## Assignment
Each line in the material below must be transcribed exactly; no picture belongs in the copy.

## Collected material
· · · · ·
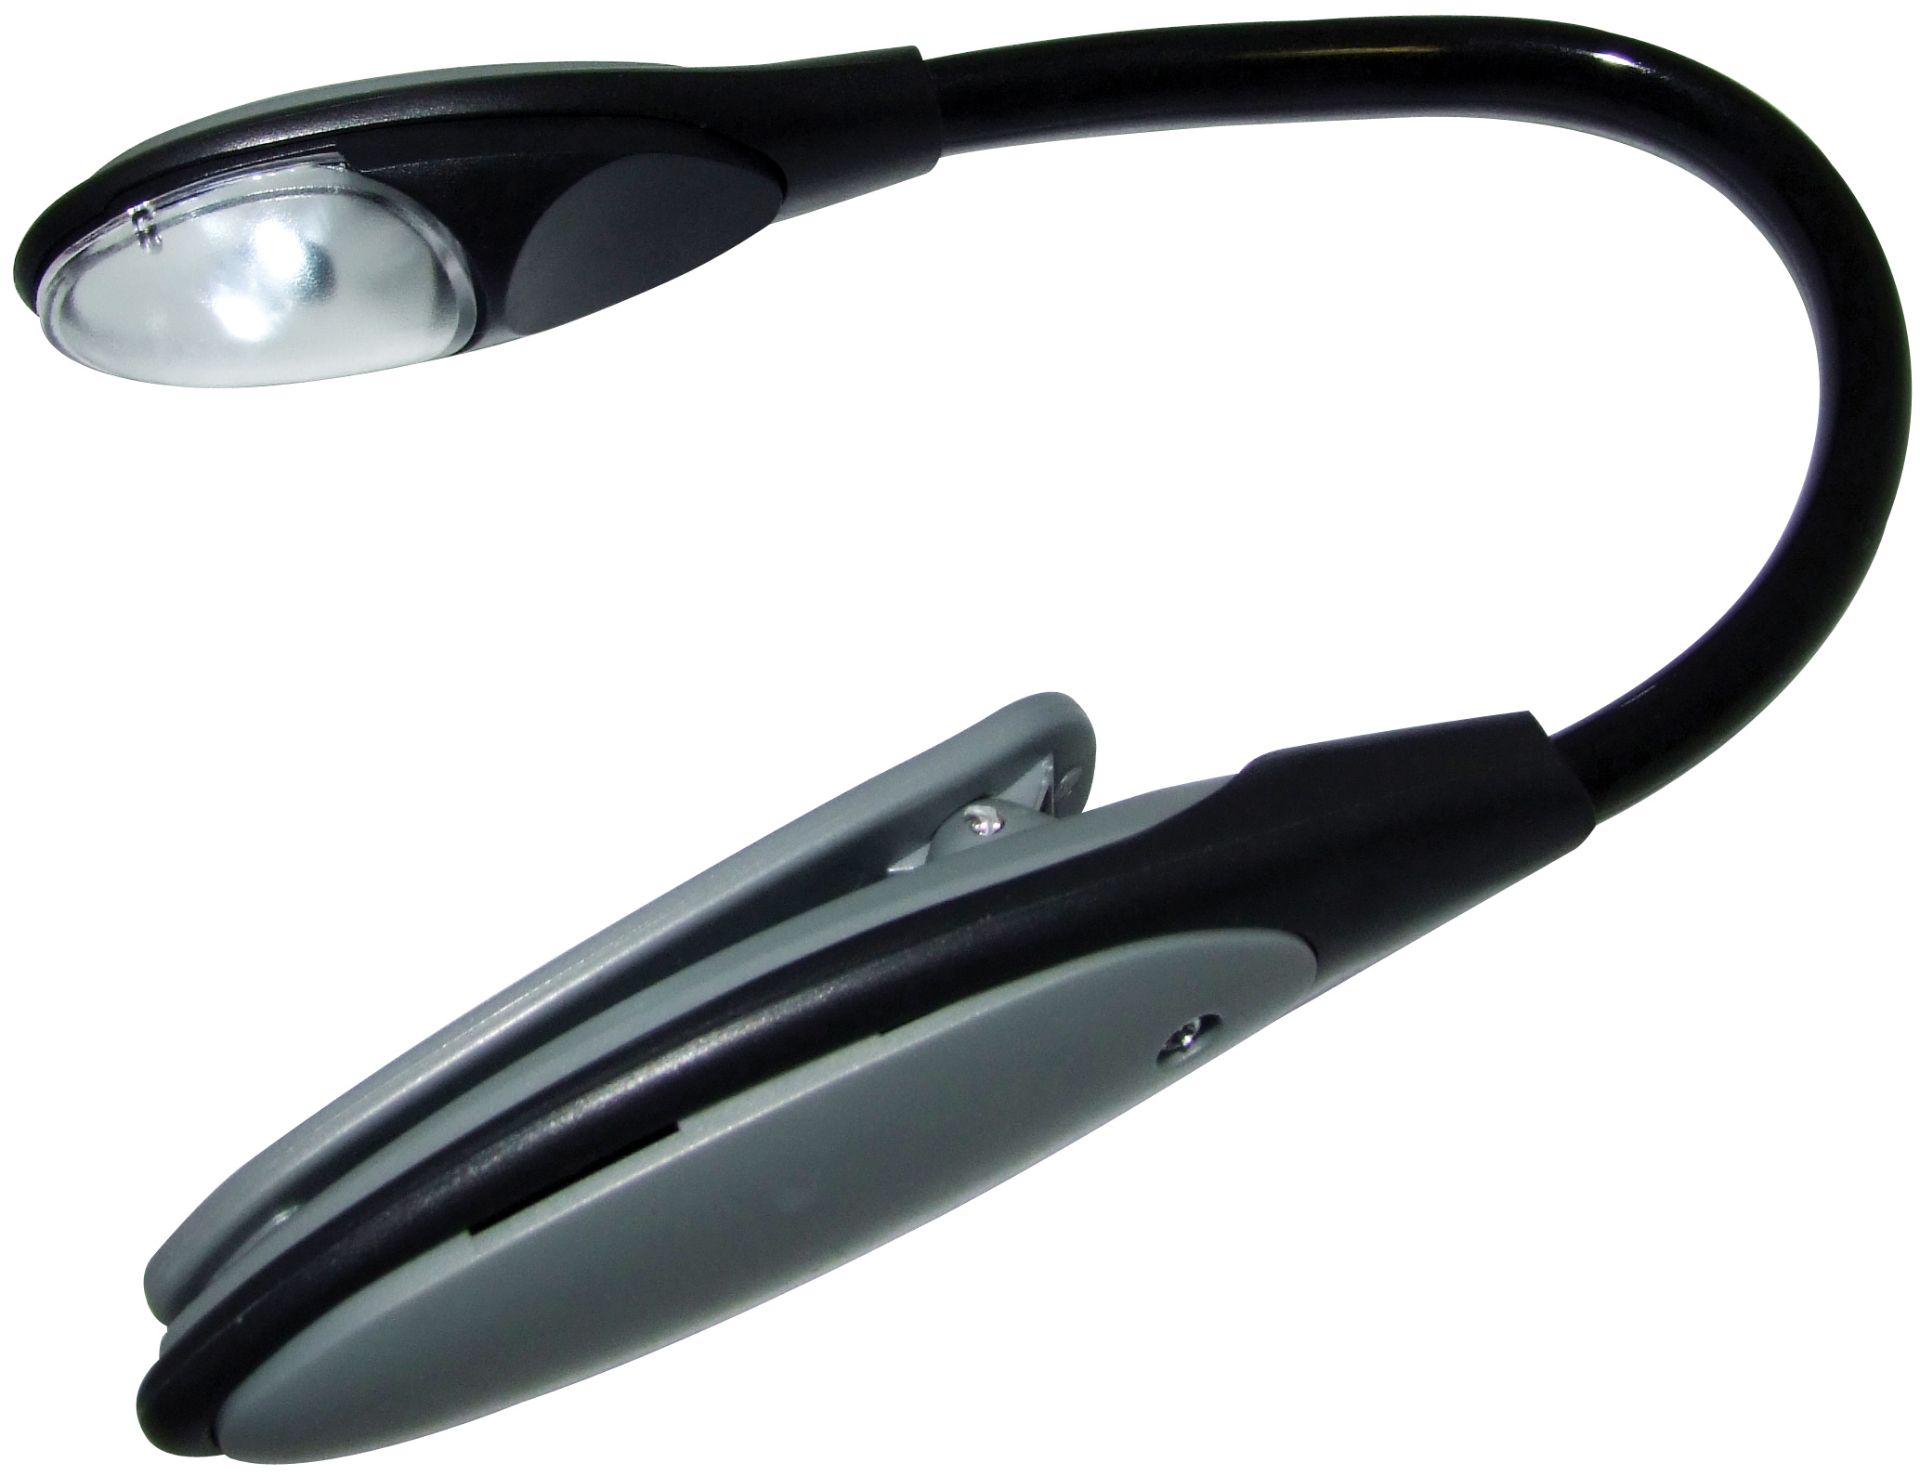 V *TRADE QTY* Brand New Flexible LED Clip Light X 5 YOUR BID PRICE TO BE MULTIPLIED BY FIVE
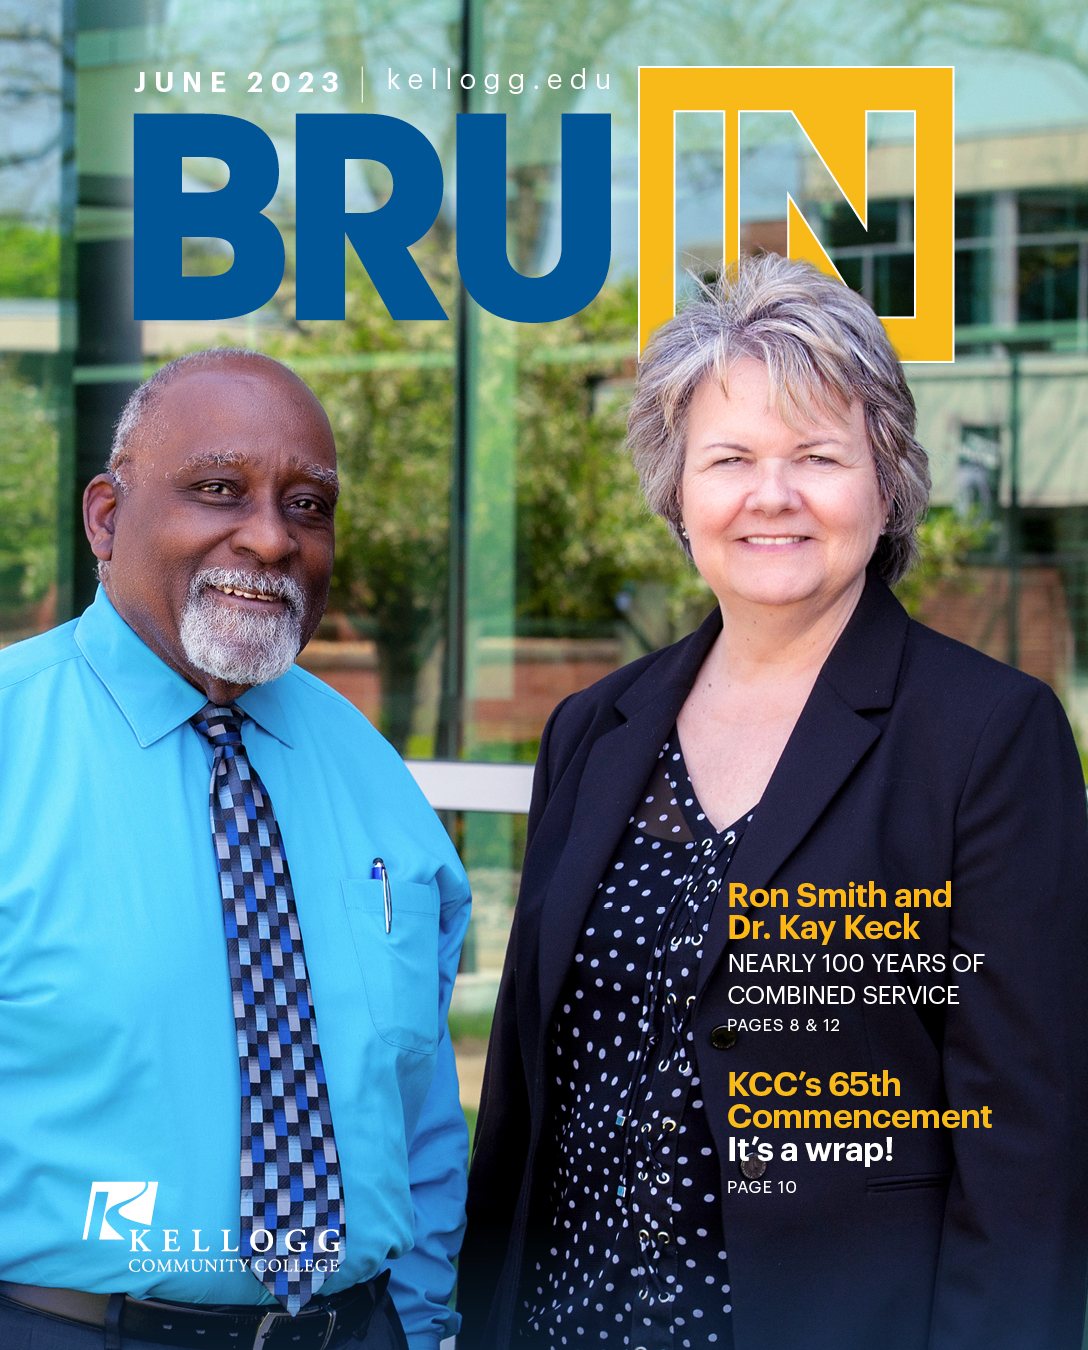 Retiring science professor Ron Smith and vice president Dr. Kay Keck are featured on the cover of the June 2023 BruIN magazine.
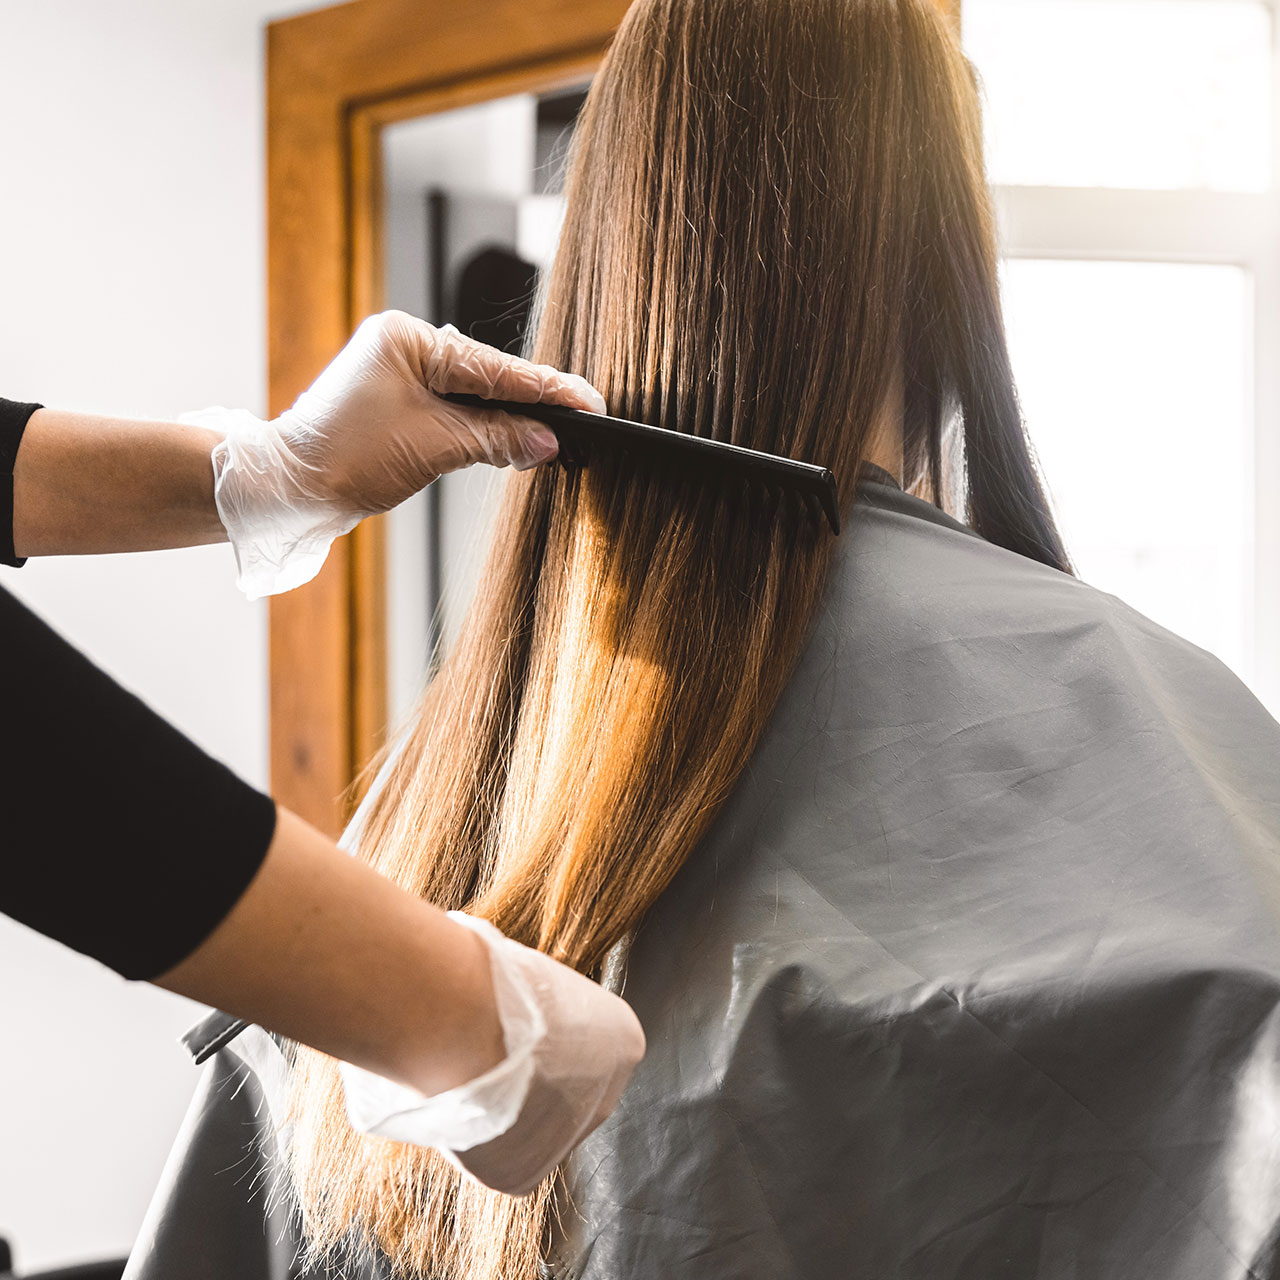 Stylists Share 4 Haircuts That Draw More Attention To Thin, Fine Hair
· · · · ·
## Result of this task
 V *TRADE QTY* Brand New Flexible LED Clip Light X 5 YOUR BID PRICE TO BE MULTIPLIED BY FIVE
 Retiring science professor Ron Smith and vice president Dr. Kay Keck are featured on the cover of the June 2023 BruIN magazine.
 Stylists Share 4 Haircuts That Draw More Attention To Thin, Fine Hair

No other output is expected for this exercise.